• [Record extracts]
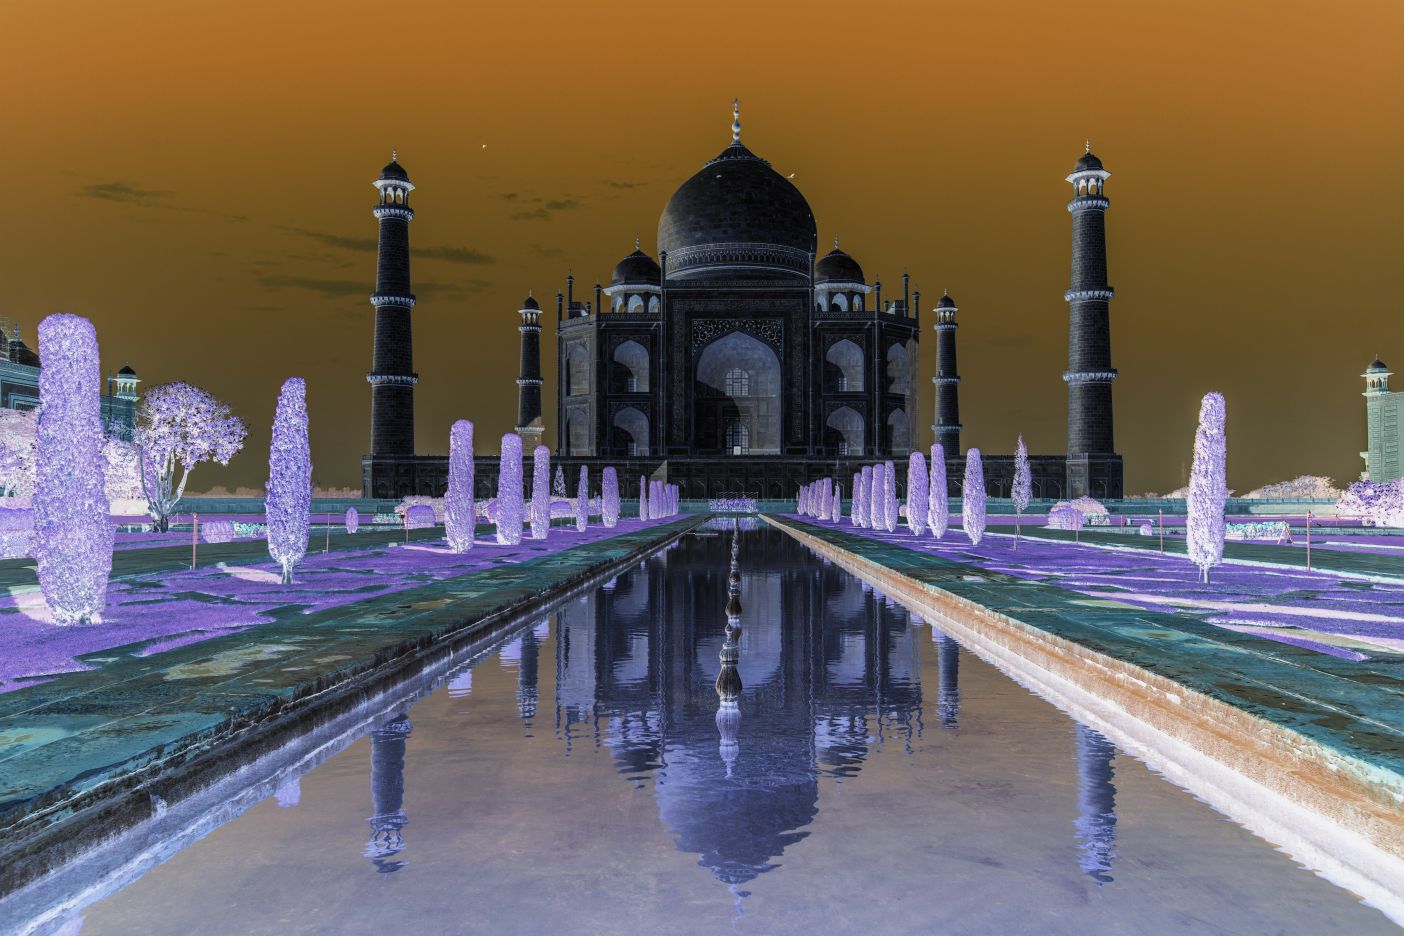 A picture of the Taj Mahal in India appears with the building in dark gray and black, the sky is orange, the small trees lining the rectangular pond that leads to the building are purple, and the sidewalks appear blue-green.  A start timer button appears below the image. once 20 second timer has expired an afterimage of taj mahal picture over a black and white image version same there to be color on with green bushes, yellow grass, red-orange brick sidewalks, blue sky.
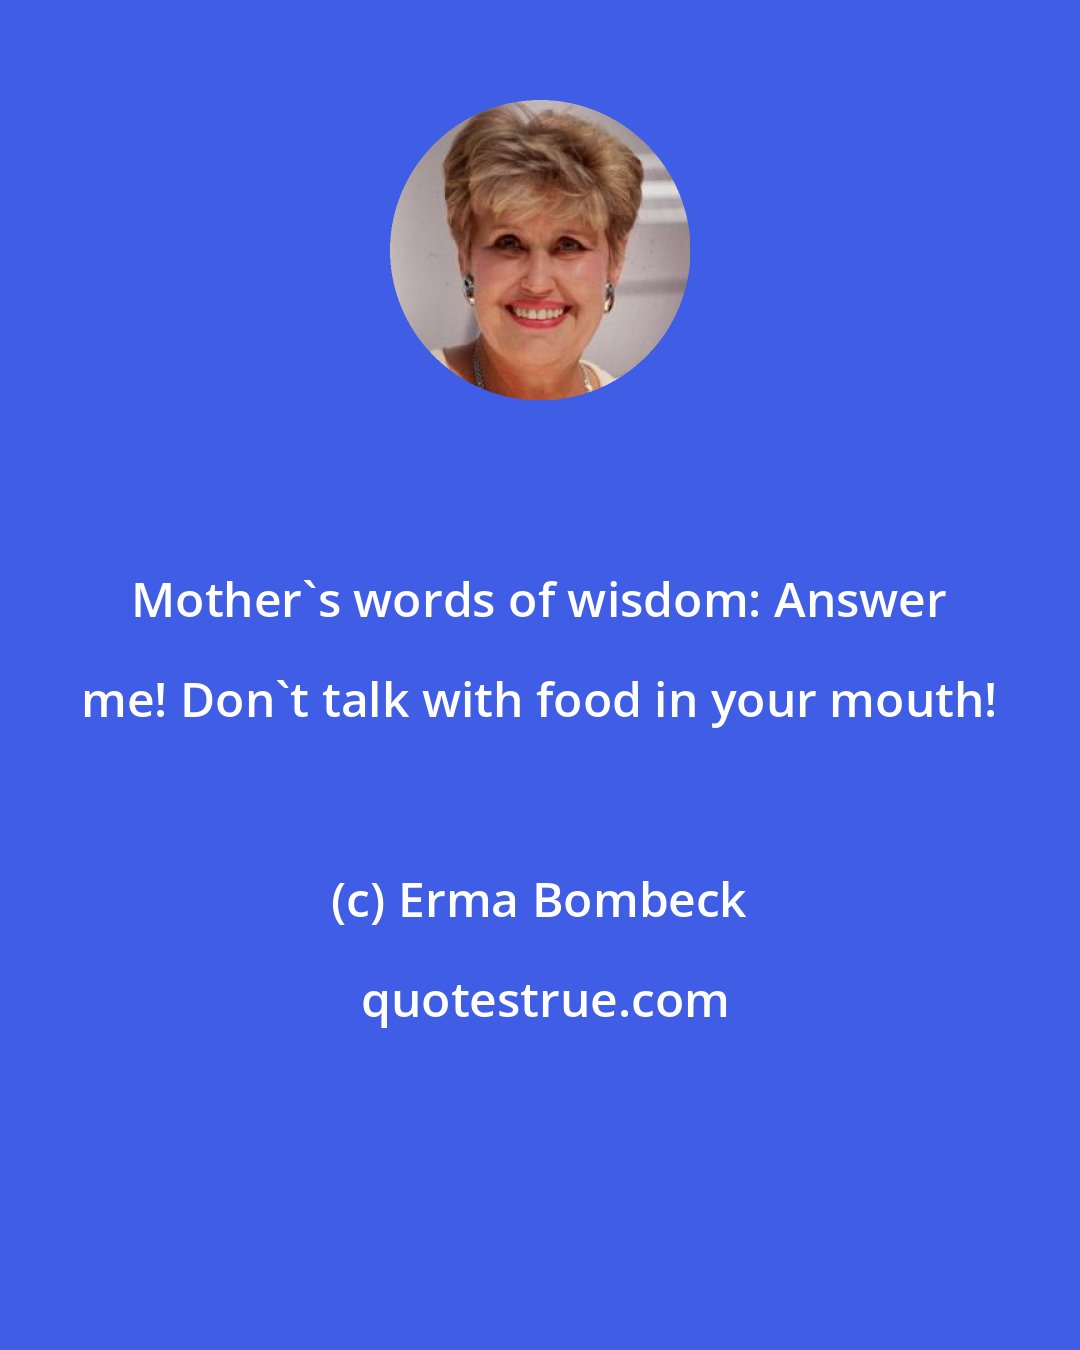 Erma Bombeck: Mother's words of wisdom: Answer me! Don't talk with food in your mouth!
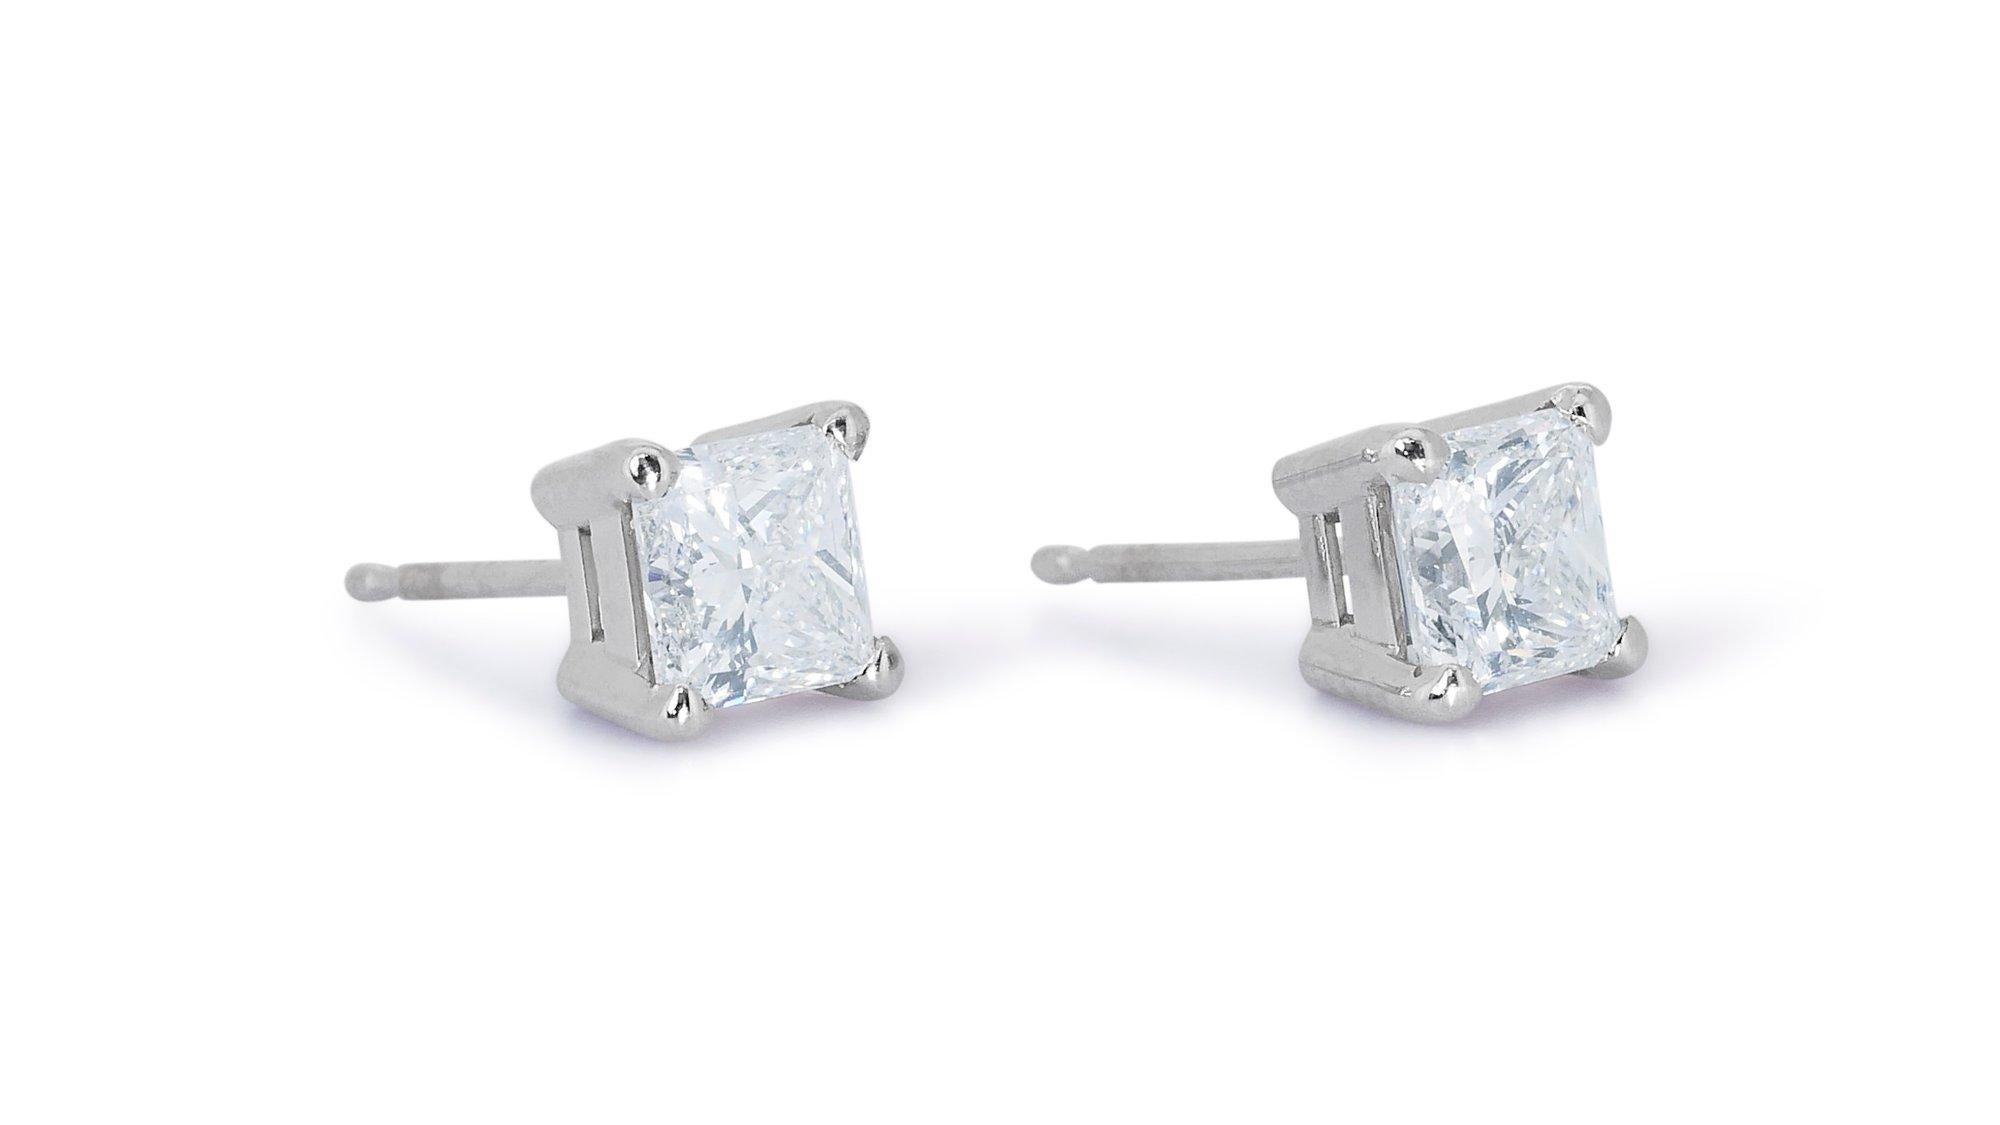 Classic 2.00ct Diamond Stud Earrings in 18k White Gold - GIA Certified

Experience elegance with these stunning diamond stud earrings crafted from 18k white gold. Each earring showcases a sparkling square diamond with a total carat weight of
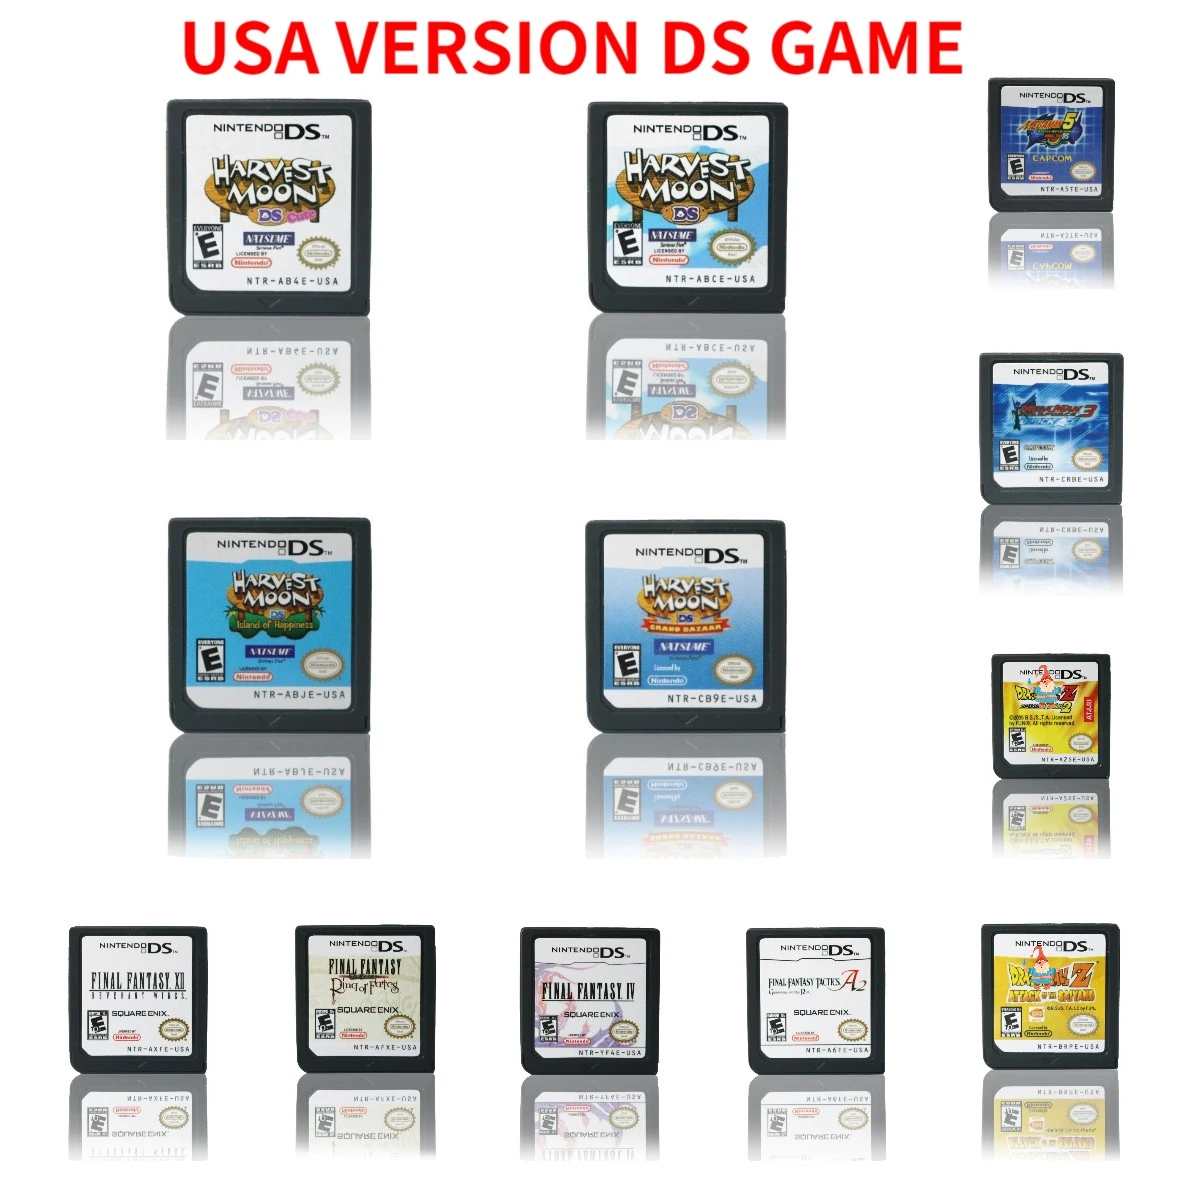 

USA Version Final Fantasy Attack of the Saiyans Mega Man Harvest Moon DS Game Card For Nintendo DS 3DS 2DS XL Console

• [Your task]
Word for word, restate the whole listing and drop the images.

• [Answer box]
 A picture of the Taj Mahal in India appears with the building in dark gray and black, the sky is orange, the small trees lining the rectangular pond that leads to the building are purple, and the sidewalks appear blue-green.  A start timer button appears below the image. once 20 second timer has expired an afterimage of taj mahal picture over a black and white image version same there to be color on with green bushes, yellow grass, red-orange brick sidewalks, blue sky.
 Erma Bombeck: Mother's words of wisdom: Answer me! Don't talk with food in your mouth!
 Classic 2.00ct Diamond Stud Earrings in 18k White Gold - GIA Certified

Experience elegance with these stunning diamond stud earrings crafted from 18k white gold. Each earring showcases a sparkling square diamond with a total carat weight of

USA Version Final Fantasy Attack of the Saiyans Mega Man Harvest Moon DS Game Card For Nintendo DS 3DS 2DS XL Console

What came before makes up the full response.